5. Il y a lieu, par ailleurs, compte tenu de l’ensemble des circonstances de l’espèce, notamment du mauvais vouloir persistant opposé par le préfet d’Eure-et-Loir, de porter, à compter de la date de notification de la présente décision, le taux de l’astreinte initialement fixé à 50 euros par jour de retard par le jugement du 26 novembre 2024, à 300 euros par jour de retard jusqu’à la date à laquelle cette décision aura reçu exécution.

6. Il y a lieu, dans les circonstances de l’espèce, de mettre à la charge de l’Etat, la somme de 1 500 euros à verser à M. A au titre de l’article L. 761-1 du code de justice administrative.

D E C I D E :

Article 1er : L’Etat est condamné à verser à M. A la somme de 2 000 euros en exécution de l’article 2 du jugement n° 2402412 du 26 novembre 2024.
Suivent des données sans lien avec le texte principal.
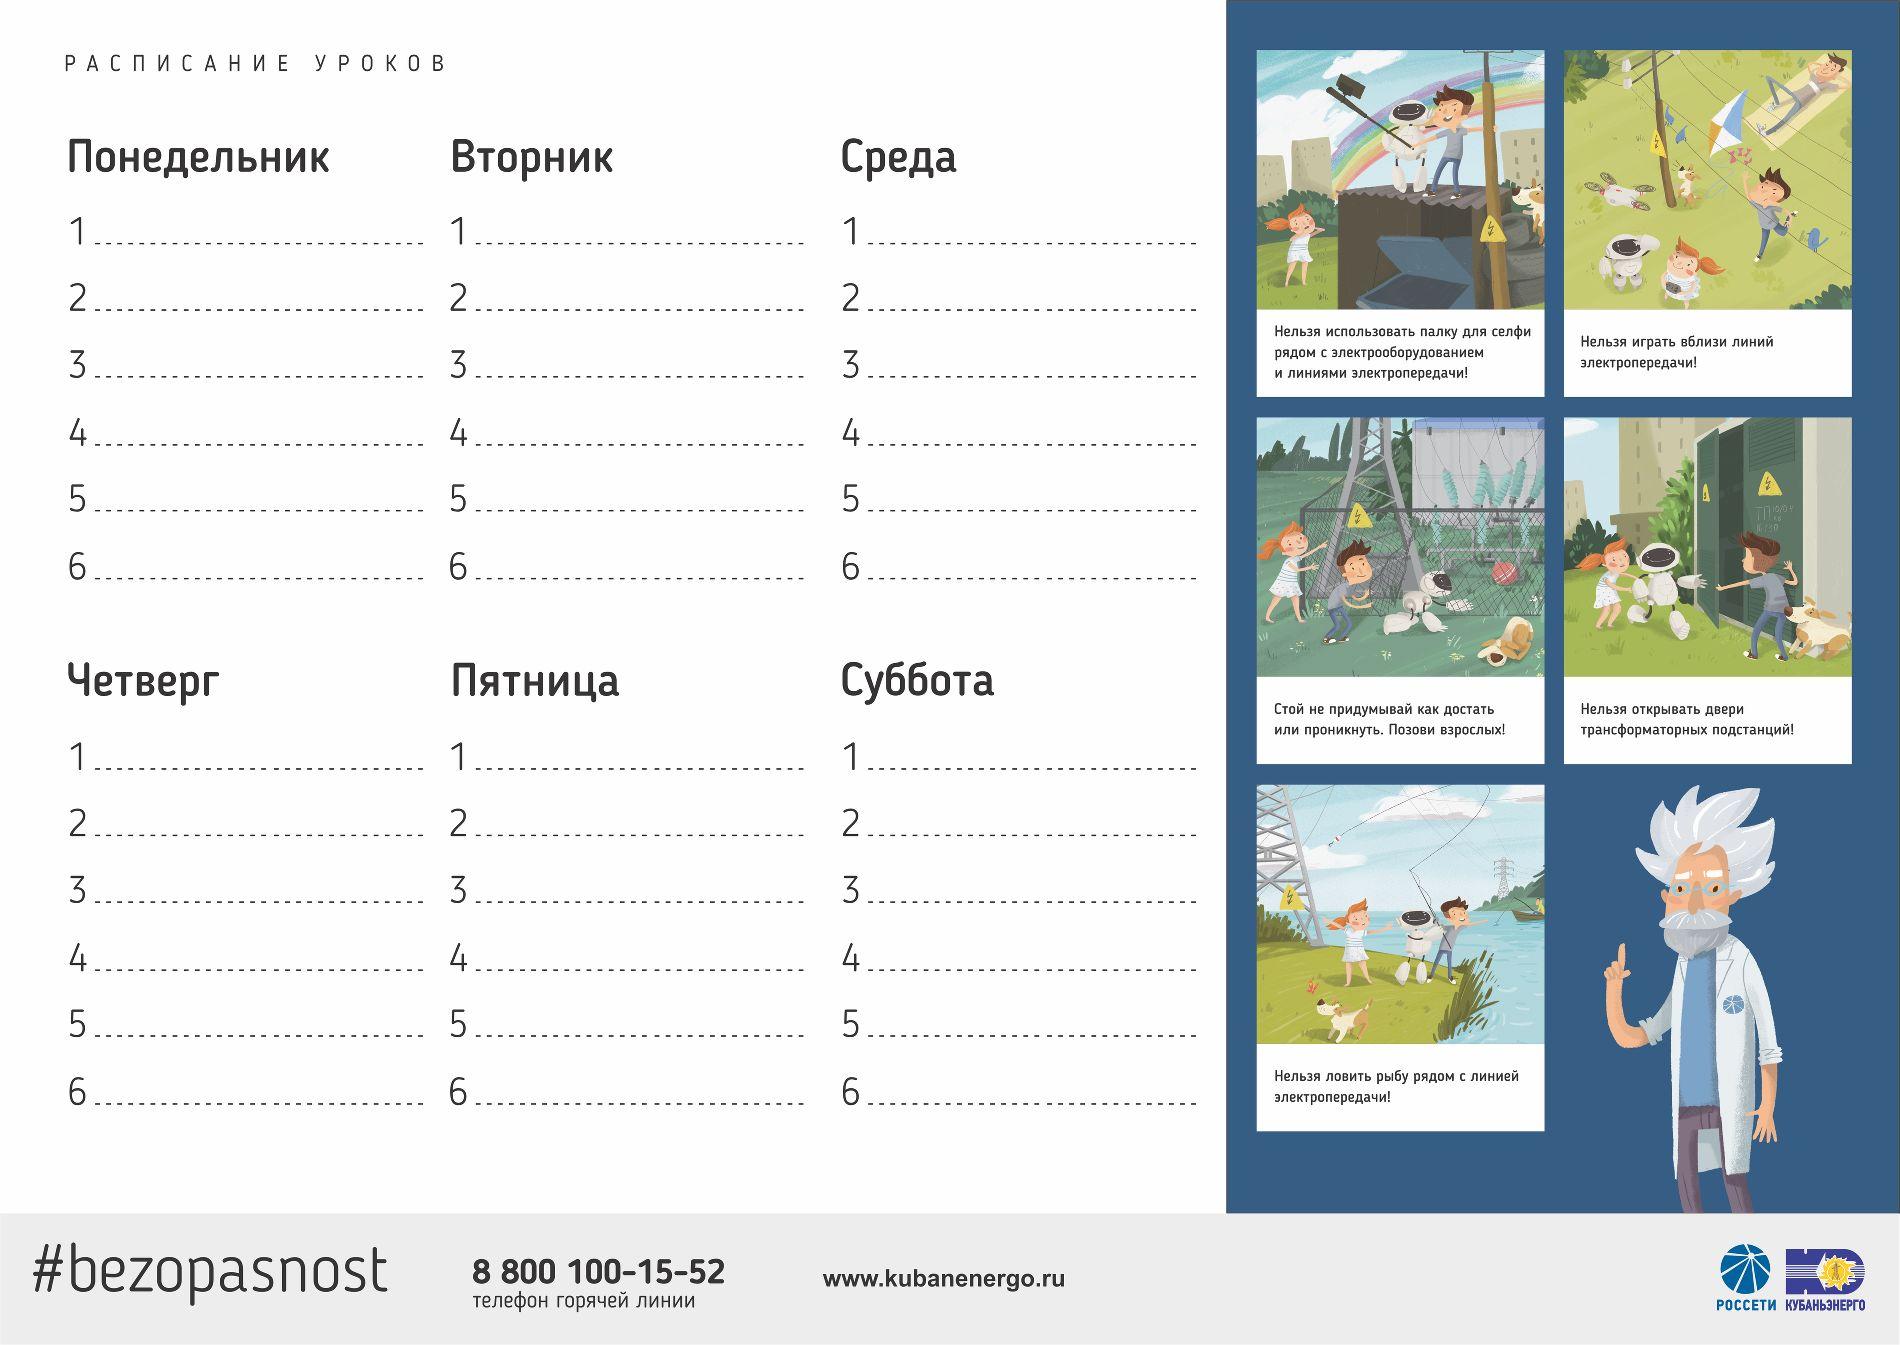 Сохраните и распечатайте расписание уроков ©Плакат предоставлен пресс-службой «Россети Кубань»
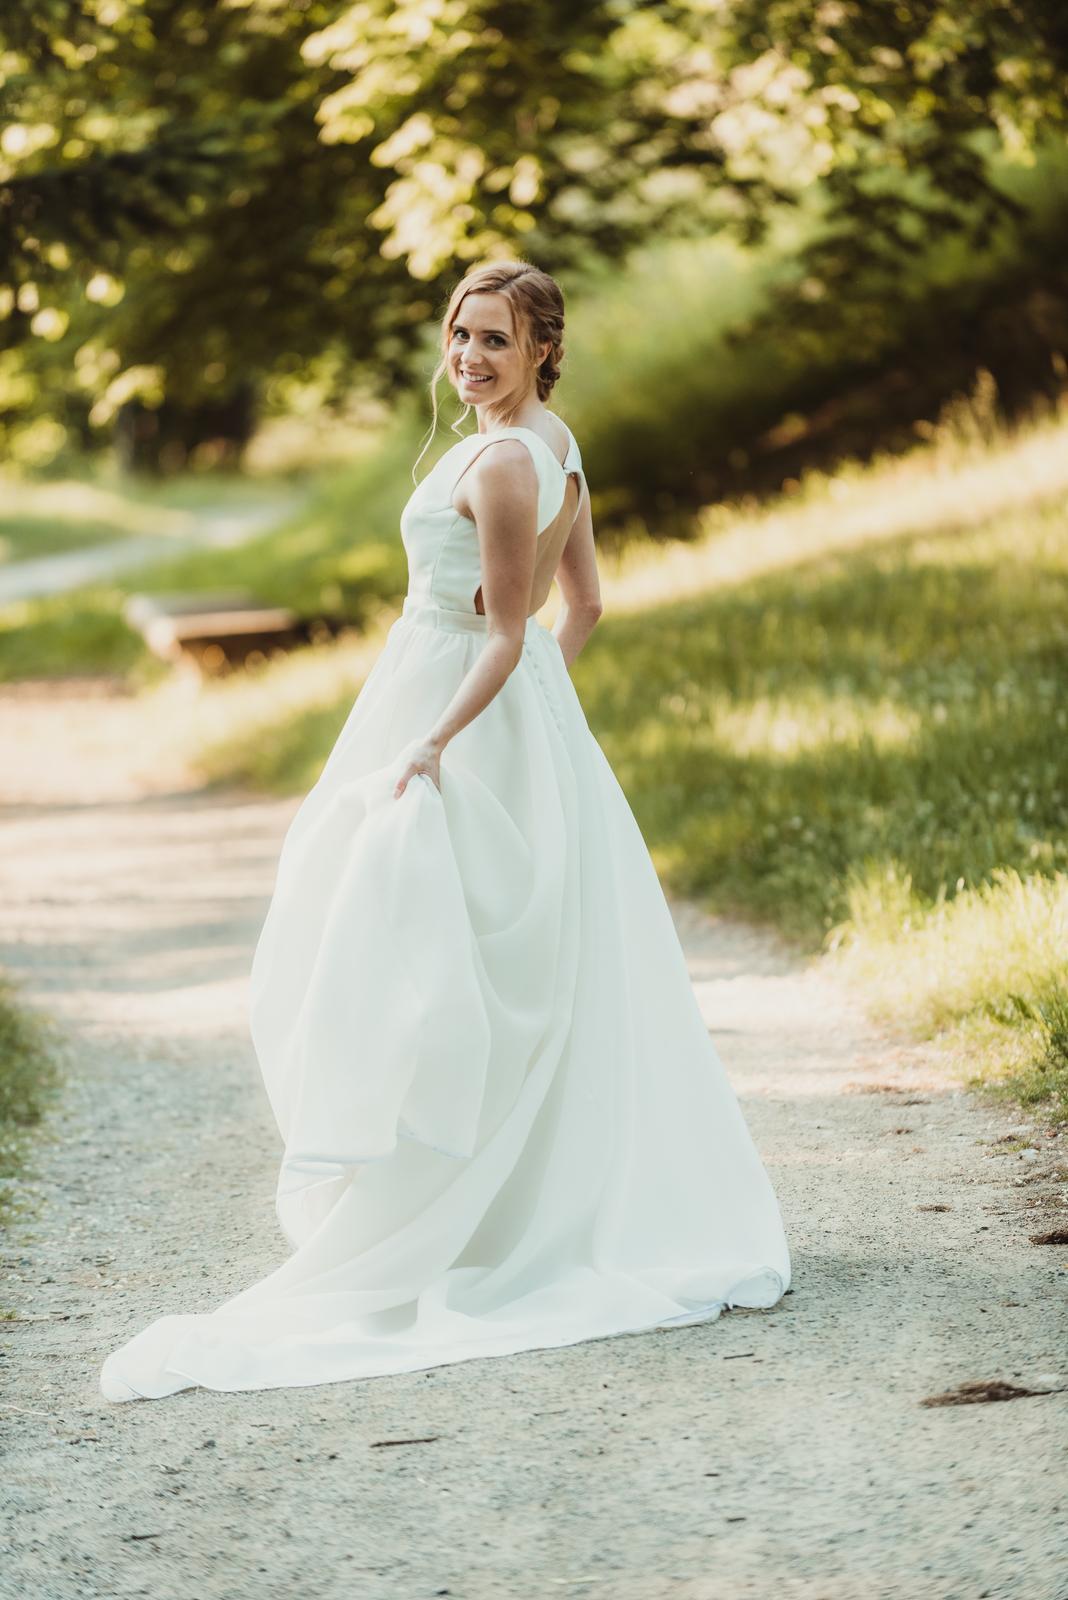 Hladké svatební šaty vel 36 - Obrázek č. 1

Article 2 : Le taux de l’astreinte prononcée à l’encontre de l’Etat par l’article 2 du jugement n° 2402412 du 26 novembre 2024 est porté à 300 euros par jour de retard à compter de la notification du présent jugement.

Article 3 : L’Etat versera à M. A la somme de 1 500 euros au titre de l’article L. 761-1 du code de justice administrative.

Article 4 : Le présent jugement sera notifié à M. B A et au préfet d’Eure-et-Loir.

Copie du jugement n° 2402412 du 26 novembre 2024 et du présent jugement seront adressées, pour information, au ministère public près la Cour des comptes.

Délibéré après l’audience du 3 juillet 2025, à laquelle siégeaient :

Mme Lesieux, présidente,

Mme Bernard, première conseillère,

Mme Dicko-Dogan, conseillère,

Rendu public par mise à disposition au greffe le 10 juillet 2025.

La présidente-rapporteure,

Sophie LESIEUX

L’assesseure la plus ancienne,

Pauline BERNARDLa greffière,

Céline BOISGARD

La République mande et ordonne au préfet d’Eure-et-Loir en ce qui la concerne ou à tous commissaire de justice à ce requis en ce qui concerne les voies de droit commun, contre les parties privées, de pourvoir à l’exécution de la présente décision.